L’AI no 1 A participé à une entrevue le 1er juin 2021.

Agents témoins

AT no 1 A participé à une entrevue
AT no 2 A participé à une entrevue
AT no 3 A participé à une entrevue
AT no 4 A participé à une entrevue
AT no 5 N’a pas participé à une entrevue [1]
AT no 6 A participé à une entrevue
 
Les agents témoins ont participé à des entrevues le 3 mai 2021 et le 4 mai 2021.
 

Délai d’enquête

L’enquête a pris un certain temps, car il a fallu attendre l’opinion d’un expert médical et les données provenant de l’arme à impulsions de l’AI no 2. Les données de l’arme à impulsions ont initialement été demandées à la Police provinciale le 18 août 2021. Cependant, la Police provinciale a le jour même fourni à l’UES les données provenant de l’arme à impulsions d’un autre agent. L’UES a déterminé que les données ne provenaient pas de l’arme à impulsions de l’AI no 2 et a donc soumis une nouvelle demande, le 5 mai 2022, pour obtenir les données provenant de l’arme à impulsions de l’AI no 2. La Police provinciale a fourni les données de l’arme à impulsions de l’AI no 2 le 24 mai 2022.

Éléments de preuve

Les lieux

L’incident s’est produit devant l’entrée d’une maison unifamiliale à demi-niveaux située à Wasaga Beach. La maison était dotée d’une allée pavée et d’un garage double. Devant les portes d’entrée doubles de la résidence, il y avait une zone surélevée dans un vestibule fermé. Les portes d’entrée s’ouvraient sur un palier/vestibule avec une porte, à la gauche, menant à une bibliothèque et à un garde-robe.

Une porte à droite menait à une buanderie. De l’autre côté du palier/vestibule, il y avait, à droite, des escaliers menant à l’étage supérieur et, à gauche, des escaliers menant au sous-sol. Il y avait un tapis de couloir devant la porte d’entrée.

À 8,5 mètres du côté ouest de l’allée, il y avait une tache sur la chaussée.

Une étiquette AFID (Anti-Felon Identification) a été retrouvée et récupérée sur le bord du trottoir/de l’allée, près de la marche d’entrée.

Éléments de preuve matériels

Image no 1 — Le sabre de style samouraï

Éléments de preuves médicolégaux

Données provenant de l’arme à impulsions

Le rapport des données provenant de l’arme à impulsions utilisée par l’AI no 1 a confirmé que la détente de l’arme a été activée à une reprise le 12 avril 2021, à 12 h 50 min 37 s [2], pendant cinq secondes.
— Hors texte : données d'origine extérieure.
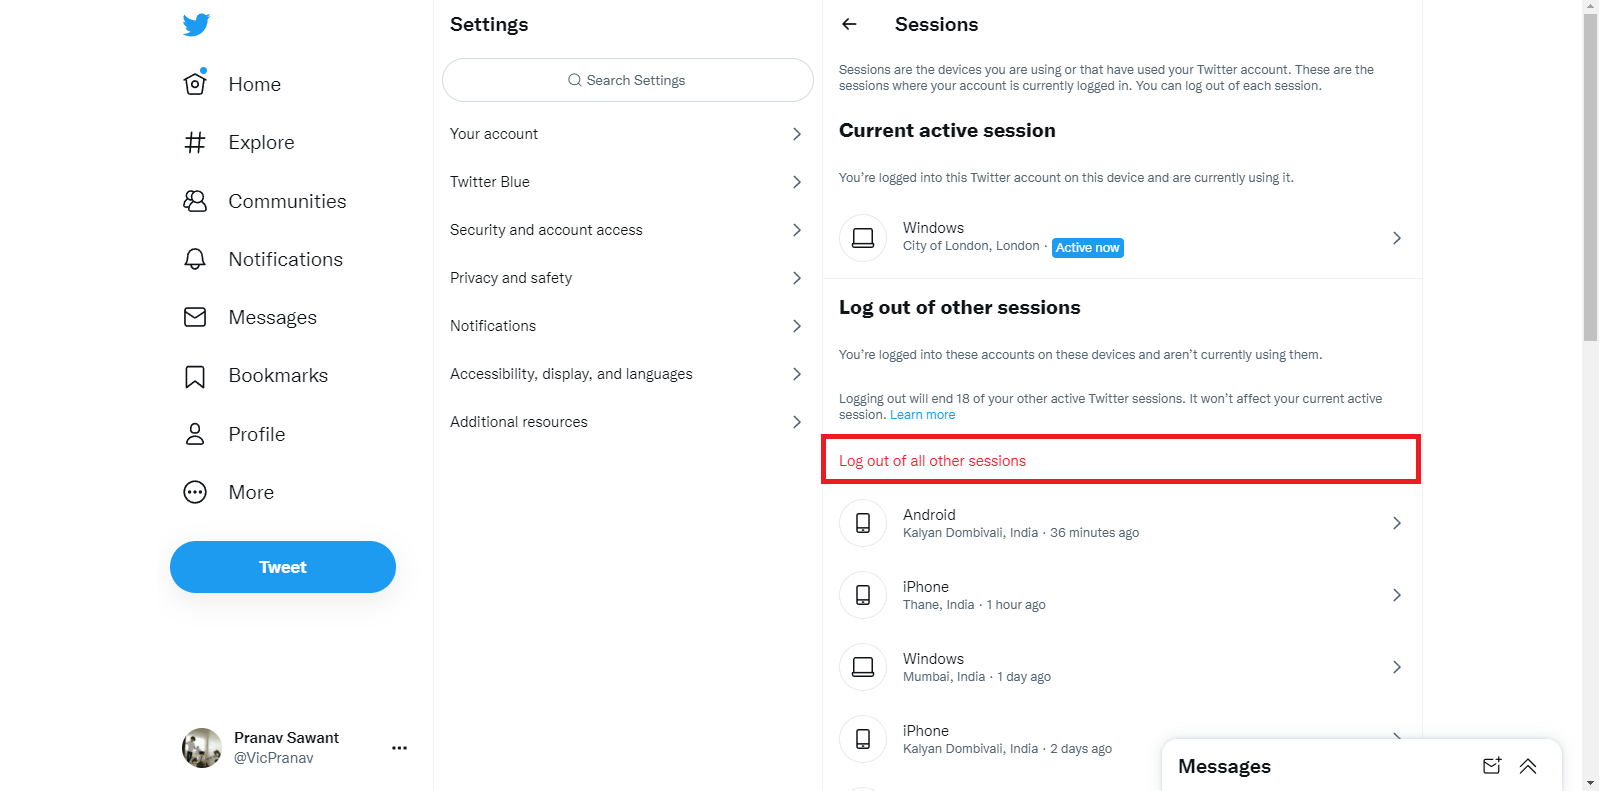 Click on Log out of all other sessions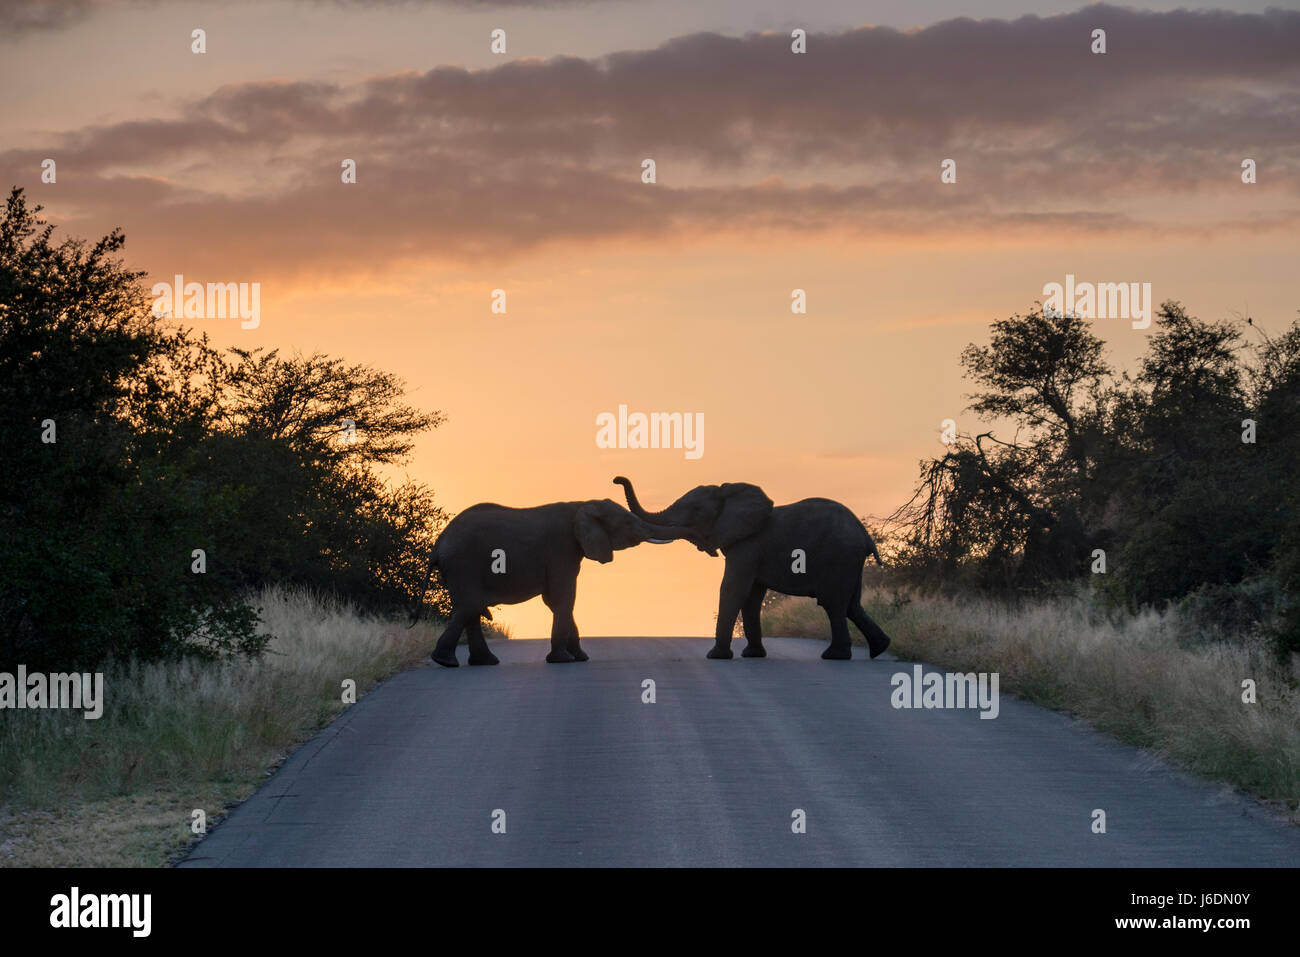 Two elephants from a large herd pausing on the road during sunrise in Kruger National Park, South Africa Stock Photo

Deux sondes ont atteint le plaignant à l’avant du corps.

Le 24 mai 2022, la Police provinciale a fourni les données provenant de l’arme à impulsions de l’AI no 2. Ces données ont confirmé qu’il n’avait pas déchargé son arme à impulsions pendant l’incident.

Preuves d’expert

L’UES a demandé au Service de médecine légale de l’Ontario (SMLO) de fournir une opinion d’expert quant à la façon dont le plaignant aurait pu avoir subi les deux traumatismes crâniens fermés signalés. Le 15 février 2022, le SMLO a fourni son opinion sous forme de lettre adressée à l’UES. Selon l’auteur de la lettre :

[Traduction]
J’ai dénoté au moins trois types de traumatismes crâniens découlant probablement de différents mécanismes, notamment :

a. Impact sur le côté droit de la tête, sur l’os mastoïde/temporal droit, ayant causé une fracture non déplacée ainsi qu’une hémorragie dans les cellules mastoïdiennes et le conduit auditif externe droit. Le gaz détecté par tomodensitogramme dans l’os tapissant le segment jugulaire du sinus latéral droit et l’articulation temporo-mandibulaire pourrait être dû à une extension de cette fracture à travers l’os temporal. L’AI no 1 a indiqué qu’il avait vu du sang provenant de l’oreille droite peu après la décharge de l’arme à impulsions et la chute près de l’entrée. Si cette observation est exacte, alors une chute contre un mur de briques ou le sol en béton/brique d’un portique au cours de la chute pourrait certainement expliquer cette blessure. Une blessure de cette nature n’est pas courante après une chute contre un mur ou au sol depuis une position debout sans support, mais aucun aspect de ce mécanisme particulier ne permet d’exclure la possibilité que ce mécanisme ait mené aux blessures détectées. Il faut donc considérer ce mécanisme comme la cause la plus probable de cette blessure.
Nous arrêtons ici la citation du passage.